You all look very smart out there in your dinner suites and posh frocks. To be honest I’m used to seeing Jensen Interceptor owners with their medallions glinting in the sun. It’s the only car club left where you can still leave the six top buttons of your shirt undone without it being an ironic statement.
But that’s not fair really because the Interceptor, like most Jensen’s before it was a car for captains of industry – men who still felt too young for a Rolls Royce and didn’t want to employ a full time mechanic to look after an Aston – and international adventurers like The Baron on TV.
When they repeated that series in the eighties I wanted a Jensen CV8 so much it almost hurt. Subsequently I have come to know the joys of the 541 series but the earlier Jensen’s are a gap in my education that I hope one day I can fill. Maybe we can talk about that later....?
But it’s the Interceptor that has always done it for me and I suspect a lot of other people who grew up in the seventies. It was something about the way the name trips off your tongue – was any car ever better named? – the shape of that rear window and the discreet rumble from the exhausts that has always pressed my buttons – particularly in Series 1 form, although I think the love affair started when I saw Harry Rule driving his brown Interceptor 2 in The Protectors.
An FF is still near the top of the list of ‘dream cars’ I would still love to own. I probably did one of my favourite ever features on an Interceptor about ten years ago. I was given the task of driving a S3 all the way to the Monteverdi factory in Basle, Switzerland.
That was using an Interceptor as it should be used – cruising at 120mph on autoroutes and autobahns - and with the magazine paying for the fuel! Perfect. Actually that particular car used quite a lot of oil too when driven at that speed; when it got low the hydraulic tappets got noisy!

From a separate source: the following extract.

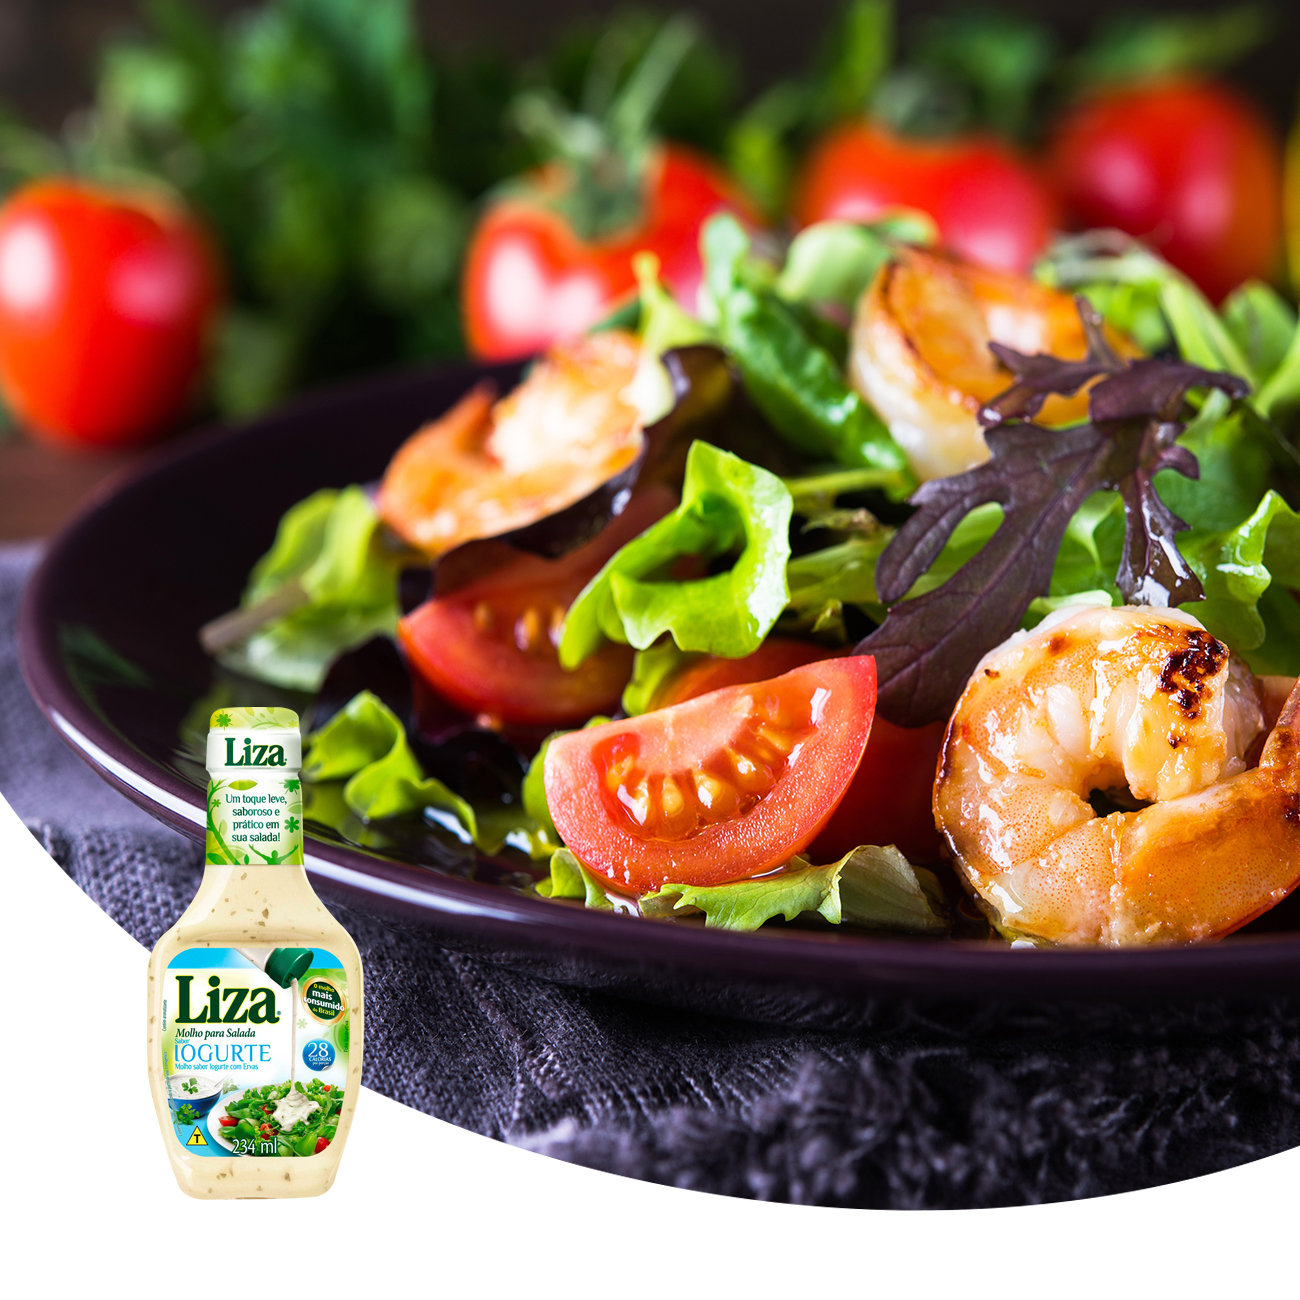 Molho para Salada Liza Iogurte 234ml | Caixa com 2 Unidades

We made it to Basle where the mechanic at the Monteverdi museum (who looked like Charles Bronson) repaired our alternator. But the Monteverdi blotted its copy book by continually conking out on the photo shoot where the Jensen (using the same Chrysler engine) motored serenely on.
If I remember rightly we borrowed that Interceptor from a breakaway Jensen Club which I suspect is no longer with us? The marque itself has experienced more comebacks than Frank Sinatra, but never with much success.
Twenty years ago I was summoned to a place on the Welsh boarders where a man and wife team were claiming they owned the Jensen name and where going to re introduced the Interceptor at the motor show. They showed me a restored Interceptor festooned with spoilers that was their prototype. I couldn’t help thinking they had missed the point a bit.
What happened to them? I’m sure there will be more attempts to bring back the name in future and I wouldn’t be surprised if it ends up on a German built MPV or something but it is the original black country supercars from West Bromwich that interest me and the Jensen Owners Club is doing a great job of keeping that memory alive.
Enjoy your evening, enjoy your Jensen’s and have a safe drive back to tomorrow. I can help Interceptor drivers with local knowledge of the nearest petrol stations.